▶ MATERIAL FOR THE TASK:
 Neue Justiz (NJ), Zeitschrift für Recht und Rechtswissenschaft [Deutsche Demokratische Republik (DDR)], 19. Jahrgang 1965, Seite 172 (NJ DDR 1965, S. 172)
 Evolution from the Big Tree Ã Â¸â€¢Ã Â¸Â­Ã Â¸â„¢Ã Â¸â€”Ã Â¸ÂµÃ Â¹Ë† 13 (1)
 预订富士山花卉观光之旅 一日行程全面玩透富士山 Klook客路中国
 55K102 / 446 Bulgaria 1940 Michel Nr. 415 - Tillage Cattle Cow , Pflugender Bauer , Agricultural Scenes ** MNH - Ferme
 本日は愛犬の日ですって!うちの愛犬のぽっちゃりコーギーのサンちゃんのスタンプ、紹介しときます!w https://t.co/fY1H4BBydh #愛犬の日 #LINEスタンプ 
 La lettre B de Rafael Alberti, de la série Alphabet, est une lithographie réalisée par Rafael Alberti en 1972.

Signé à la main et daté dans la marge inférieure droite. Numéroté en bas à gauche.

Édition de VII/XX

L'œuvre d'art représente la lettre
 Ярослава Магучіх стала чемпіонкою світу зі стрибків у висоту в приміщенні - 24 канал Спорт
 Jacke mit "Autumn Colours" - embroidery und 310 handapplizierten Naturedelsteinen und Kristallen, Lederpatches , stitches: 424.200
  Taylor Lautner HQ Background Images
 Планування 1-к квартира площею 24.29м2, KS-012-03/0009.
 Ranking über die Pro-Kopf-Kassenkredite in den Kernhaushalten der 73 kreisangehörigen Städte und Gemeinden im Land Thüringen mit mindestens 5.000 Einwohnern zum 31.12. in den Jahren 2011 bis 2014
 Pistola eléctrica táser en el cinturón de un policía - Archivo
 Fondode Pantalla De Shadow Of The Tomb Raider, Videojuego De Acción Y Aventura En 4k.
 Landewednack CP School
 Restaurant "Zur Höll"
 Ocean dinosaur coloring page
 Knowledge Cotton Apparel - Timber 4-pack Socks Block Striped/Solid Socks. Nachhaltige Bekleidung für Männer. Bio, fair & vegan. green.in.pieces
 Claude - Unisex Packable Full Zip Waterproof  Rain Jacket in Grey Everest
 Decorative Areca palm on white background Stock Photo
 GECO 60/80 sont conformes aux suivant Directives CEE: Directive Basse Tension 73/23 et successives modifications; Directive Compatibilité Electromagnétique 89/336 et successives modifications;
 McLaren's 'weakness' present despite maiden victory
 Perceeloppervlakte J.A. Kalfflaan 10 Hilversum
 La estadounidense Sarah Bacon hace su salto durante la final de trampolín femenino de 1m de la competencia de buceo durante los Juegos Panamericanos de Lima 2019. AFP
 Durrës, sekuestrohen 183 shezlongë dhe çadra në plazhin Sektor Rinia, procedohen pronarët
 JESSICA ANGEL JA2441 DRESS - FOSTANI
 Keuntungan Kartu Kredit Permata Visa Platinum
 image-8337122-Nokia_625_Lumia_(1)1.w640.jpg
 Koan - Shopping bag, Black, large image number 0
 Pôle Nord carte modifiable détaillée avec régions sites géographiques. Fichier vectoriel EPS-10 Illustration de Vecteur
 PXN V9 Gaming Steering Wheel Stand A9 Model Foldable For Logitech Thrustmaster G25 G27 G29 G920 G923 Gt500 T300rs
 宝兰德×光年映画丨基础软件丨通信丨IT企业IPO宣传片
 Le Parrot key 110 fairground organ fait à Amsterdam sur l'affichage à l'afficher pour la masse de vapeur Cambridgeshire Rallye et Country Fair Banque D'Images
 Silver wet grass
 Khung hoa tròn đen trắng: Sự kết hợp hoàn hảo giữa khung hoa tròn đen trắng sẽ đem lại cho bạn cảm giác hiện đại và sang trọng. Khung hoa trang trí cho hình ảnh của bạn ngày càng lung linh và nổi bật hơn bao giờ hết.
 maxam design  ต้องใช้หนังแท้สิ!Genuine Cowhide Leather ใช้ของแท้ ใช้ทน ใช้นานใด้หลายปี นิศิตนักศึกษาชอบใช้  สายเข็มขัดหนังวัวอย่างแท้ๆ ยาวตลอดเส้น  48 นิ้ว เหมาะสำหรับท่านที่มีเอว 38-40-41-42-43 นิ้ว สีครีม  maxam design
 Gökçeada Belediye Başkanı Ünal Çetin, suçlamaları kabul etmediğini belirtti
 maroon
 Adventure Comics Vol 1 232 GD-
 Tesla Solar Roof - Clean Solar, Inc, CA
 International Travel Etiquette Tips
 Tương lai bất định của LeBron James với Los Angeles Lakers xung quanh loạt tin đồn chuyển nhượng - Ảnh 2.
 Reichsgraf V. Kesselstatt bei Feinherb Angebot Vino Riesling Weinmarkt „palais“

▶ BRIEF: Starting at the line that contains "Gökçeada Belediye Başkanı", output each remaining line of the listing, the last line included, exactly as it appears.

▶ EXPECTED ANSWER:
 Gökçeada Belediye Başkanı Ünal Çetin, suçlamaları kabul etmediğini belirtti
 maroon
 Adventure Comics Vol 1 232 GD-
 Tesla Solar Roof - Clean Solar, Inc, CA
 International Travel Etiquette Tips
 Tương lai bất định của LeBron James với Los Angeles Lakers xung quanh loạt tin đồn chuyển nhượng - Ảnh 2.
 Reichsgraf V. Kesselstatt bei Feinherb Angebot Vino Riesling Weinmarkt „palais“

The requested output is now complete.